So, to ask the question another way: in a society based on equality, would highly developed skills be a threat or a welcome contribution? And during the struggle to create such a society, can expertise play a useful role, or is it to be avoided?

I approach this topic by first looking at problems with experts, especially their role in serving systems of power. Next, I make a distinction between beneficial and harmful forms of expertise. Then I turn to evidence that most people can become skilled performers, given sufficient practice and support. The implication is that efforts are needed to oppose damaging expertise and foster beneficial expertise.

Problems with experts

In 1931, Harold Laski wrote a 12-page pamphlet, "The limitations of the expert," that nicely summarises experts' key shortcomings. Experts can be so immersed in their subject matter that they lose touch with common sense. By devoting so much effort to a particular way of viewing the world, they become reluctant to acknowledge new ideas. Indeed, all ideas are judged within the expert's own framework. Experts can become arrogant, individually and collectively, treating anyone or anything from outside their ranks as inadequate and irrelevant. Finally, the contributions of experts are embedded in a set of values, but experts do not recognise these values, nor accept that alternative values exist. Paraphrasing Laski, experts tend to confuse the importance of their facts with the importance of what they propose to do about them.

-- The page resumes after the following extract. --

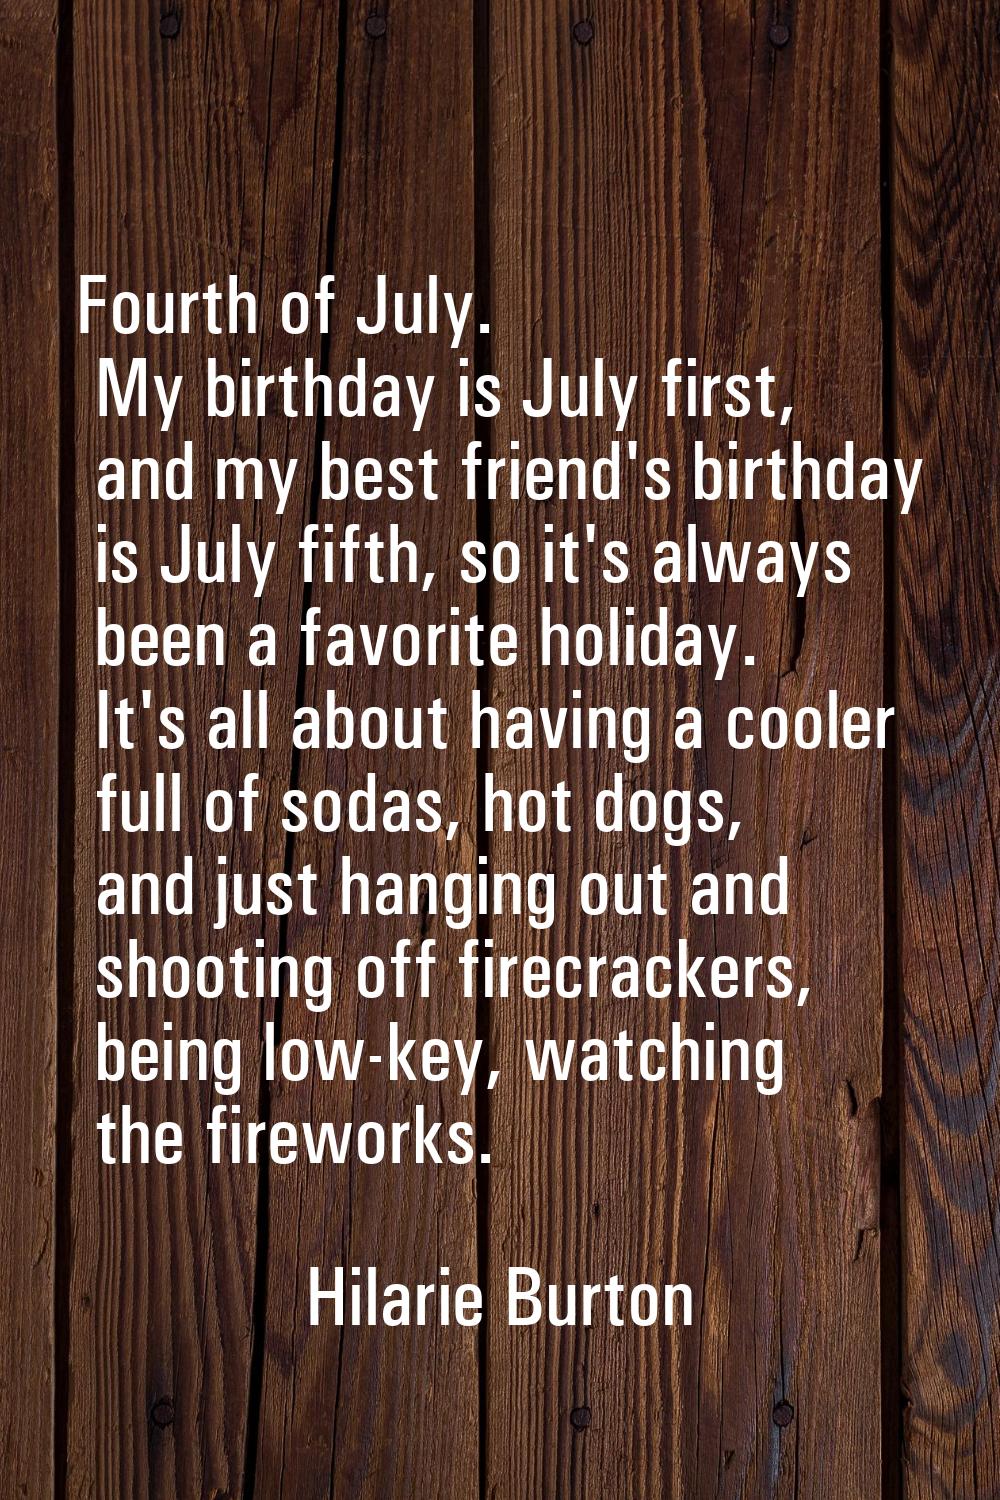 Fourth of July. My birthday is July first, and my best friend's birthday is July fifth, so it's alw

Most knowledge systems used by experts are opaque to outsiders. Jargon is part of the problem. Academics who write accessibly can have a hard time publishing in scholarly journals, where the expectation is for dense, formal styles that assume familiarity with the field. Academic writing serves to prevent entry by scholars from other fields as well as by non-scholars.

If you boil down a specialist article to its essence, in many cases it says nothing useful to outsiders, because the issues being addressed are of interest only to specialists. Or perhaps it just says something ordinary, dressed up in fancy prose. As an anonymous wit said, an expert is "one who can take something you already know and make it sound confusing."

It is useful to distinguish two meanings of the word expertise. It can mean a high level of skill or knowledge, and it can mean social recognition of skill or knowledge. Often these go together: a chess player may be highly skilled and be recognised by winning against top-rated opponents, thus obtaining formal recognition of expertise such as the label grandmaster.

In the field of scholarship, common types of formal recognition are academic degrees, appointments in universities and research institutes, authorship of peer-reviewed publications, membership in professional bodies, and awards. A scholar working independently, without degrees or affiliations, will have great difficulty in being recognised. People who perform at a high level but lack suitable credentials often are ignored in favour of less capable performers with degrees.

There are plenty of recognised experts without a commensurate level of skill. Doctors, once certified, can keep practising despite a stagnation or decline in performance levels, unlike competition chess players who are continually tested.

A related issue is that the domain of expertise may be more restricted than experts or others realise. For example, acknowledged experts in politics know an enormous amount about their specialities, but - surprisingly - may do little better than novices for predicting future political developments. They are experts in politics but not in political forecasting, a related but different skill (Green and Armstrong 2007; Tetlock 2005). The limited domain of expertise means it is wise to be wary of figures who trade on their status as experts, for example policy advisers who no longer practise in their field or Nobel Laureates who pronounce on issues remote from their prize-winning work.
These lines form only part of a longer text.